Un fatto inconsueto in Leopardi è dato dalla mancanza assoluta d'ogni riferimento all'occasione della poesia: L'infinito è dunque un testo dell'indistinto geografico e cronologico.

L'ambientazione è del tutto essenziale, quasi scheletrica e tratteggiata in maniera sommaria: il disegno del paesaggio non è dunque indispensabile a ricreare la situazione emotiva; la siepe è un ostacolo che priva la vista di uno sguardo certo sul mondo e sulla natura, ed essa funziona come limite statico da cui muovere attraverso l'immaginazione.

Da questo punto di vista la poesia risulta una proiezione, un vero e proprio viaggio mentale nello spazio e nel tempo.
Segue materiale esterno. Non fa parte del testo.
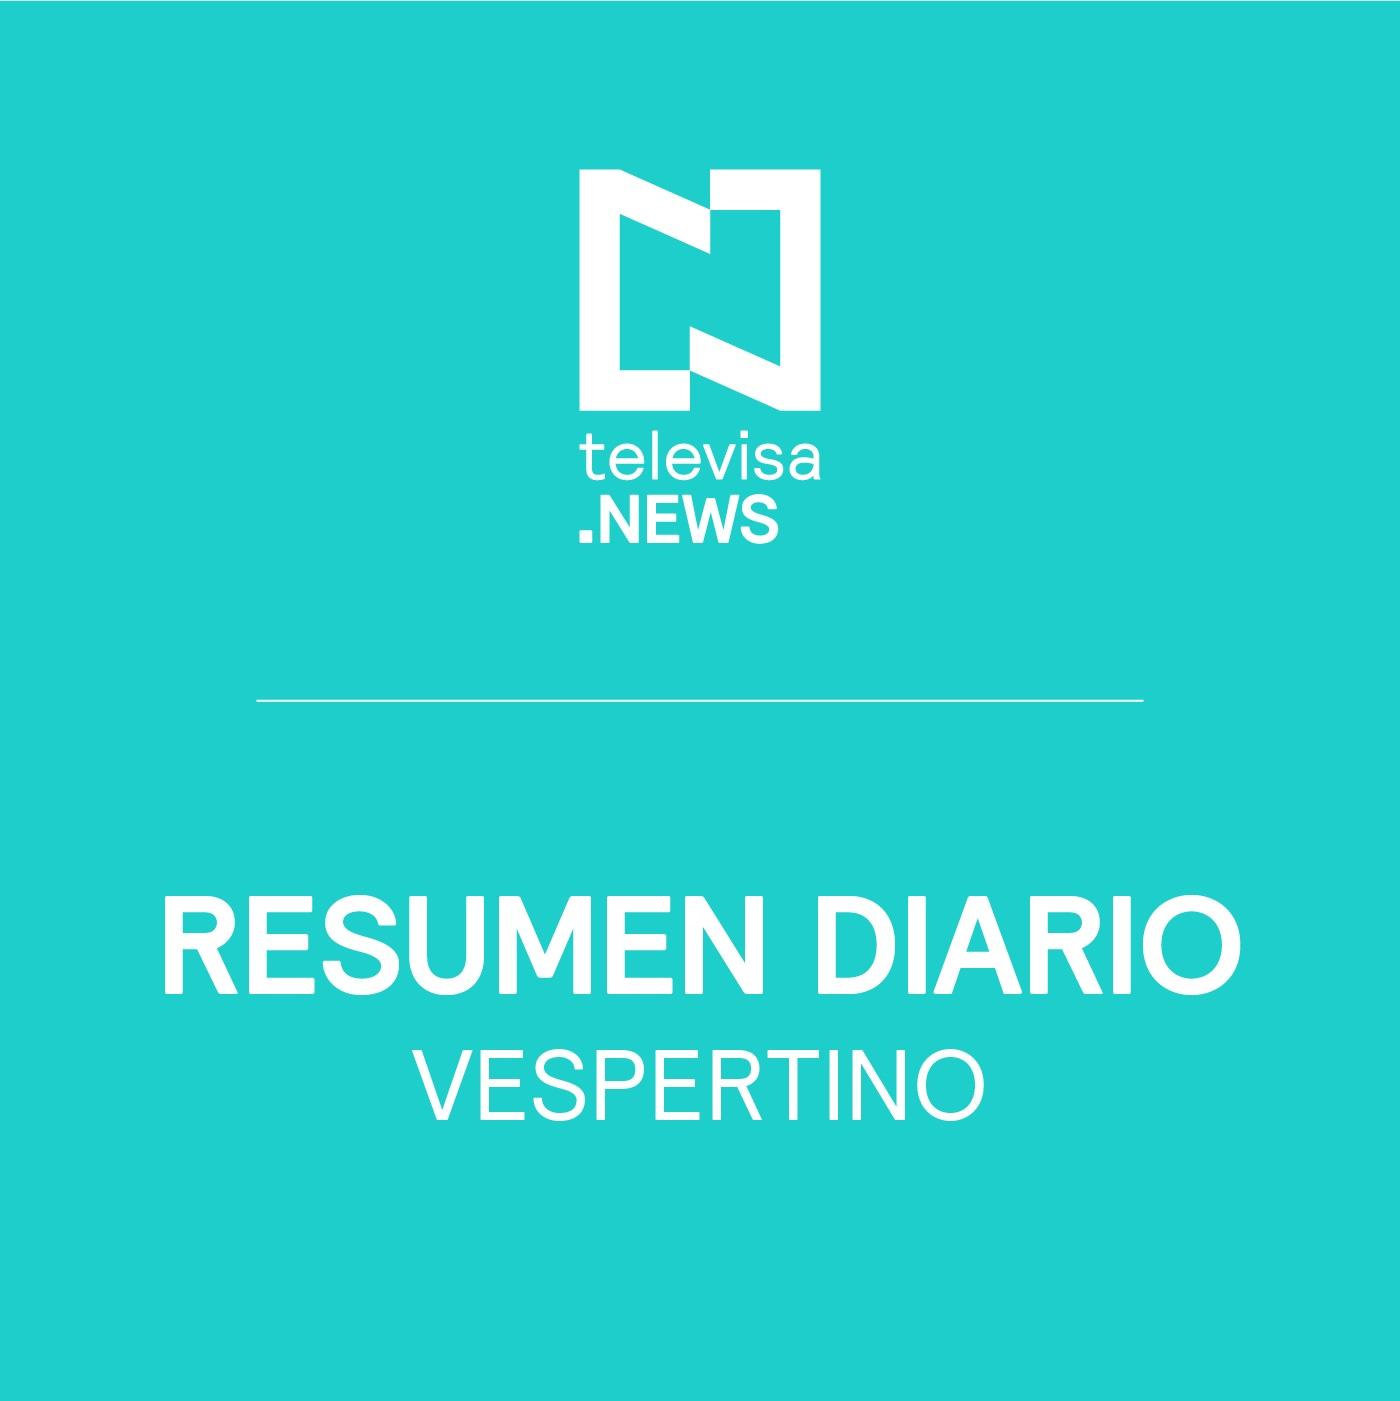 NT_Resumen Diario_VESP

I sovrumani silenzi e la profondissima quiete rappresentano anzi due elementi centrali della teoria del piacere:

"il solo stato di quiete e d'inazione sì frequente e lungo nel selvaggio (insopportabile al civile) è certamente un piacere" (Zibaldone).

Nell'Infinito il pensiero parla grazie ai silenzi e alla quiete che il poeta vive nel momento in cui viene privato della vista oltre la siepe: anzi è proprio questo momento di crisi che gli apre la possibilità di figurare immagini, allusioni, suoni al di là di quella barriera.

Il silenzio va quindi inteso come un invito all'ascolto, come atmosfera in cui il pensiero guarda ascoltando: per indicare l'azione del guardare Leopardi non adopera termini anonimi o generici, ma dice invece "mirando", "nel pensier mi fingo", "mi sovvien".

Il pensare per mezzo della visione consiste nel cogliere, nel penetrare un'idea e una sensazione, quindi nel costruire il pensiero attraverso la finzione figurata, metaforica e simbolica, infine nel tornare alla mente e nel ricordare.

Il desiderio della vaghezza e dell'indefinito spinge il poeta a ricordare e a costruire nella mente una situazione di naufragio dei sensi, d'abbandono e di fuga davanti alla realtà dolorosa e reale.

La totale assenza di uno schema metrico, l'uso di parole libere di creare associazioni indeterminate, la disposizione dell'aggettivo, l'avverbio iniziale, l'anafora finale della e, tutti questi elementi proiettano il discorso in una rapida sequenza di flashes e suggestioni.

Il ritmo estremamente concentrato nel giro breve di quindici versi è scandito dal contrasto tra il guardare e il vedere, entrambi assenti in quanto azioni capaci di suscitare una percezione concreta, ed entrambi presenti nella semantica di sedendo e mirando... io nel pensier mi fingo, cioè nella continuità temporale dell'evento: all'assenza di movimento che si può individuare nei primi versi e nei verbi sedendo e mirando, si contrappone il movimento mentale, lo scambio che si attua nel pensiero tra immagine ferma e immagine in movimento.

L'infinito è una struttura metrica e semantica in cui gli elementi dello stile evidenziano segni ideologici e tematici, una lirica in cui lessico e sintassi sono funzionali all'elaborato mentale e filosofico che presiede all'ordinamento del tessuto linguistico.

La stessa dialettica filosofico-letteraria che Leopardi definisce in questo testo attraverso l'antinomia infinito-indefinito, è giocata essenzialmente sui meccanismi conoscitivi dell'immaginazione (cui il poeta riconosce una "facoltà conoscitrice") e sul desiderio di piacere assoluto, anch'esso prodotto dalla "naturale inclinazione dell'uomo all'infinito".

L'indefinito è una situazione poetica a priori: nello Zibaldone Leopardi scrive infatti che:

"circa le sensazioni che piacciono pel solo indefinito puoi vedere il mio idillio sull'Infinito, e richiamar l'idea di una campagna arditamente declive in guisa che la vista in certa lontananza non arrivi alla valle; e quella di una filare d'alberi, la cui fine si perde alla vista, o per la lunghezza del filare, o perch'esso sia posto in declivio. Una fabbrica una torre veduta in modo che ella paia innalzarsi sopra l'orizzonte, e questo non si veda, produce un contrasto efficacissimo e sublimissimo tra il finito e l'indefinito" (Zibaldone, 1 agosto 1821).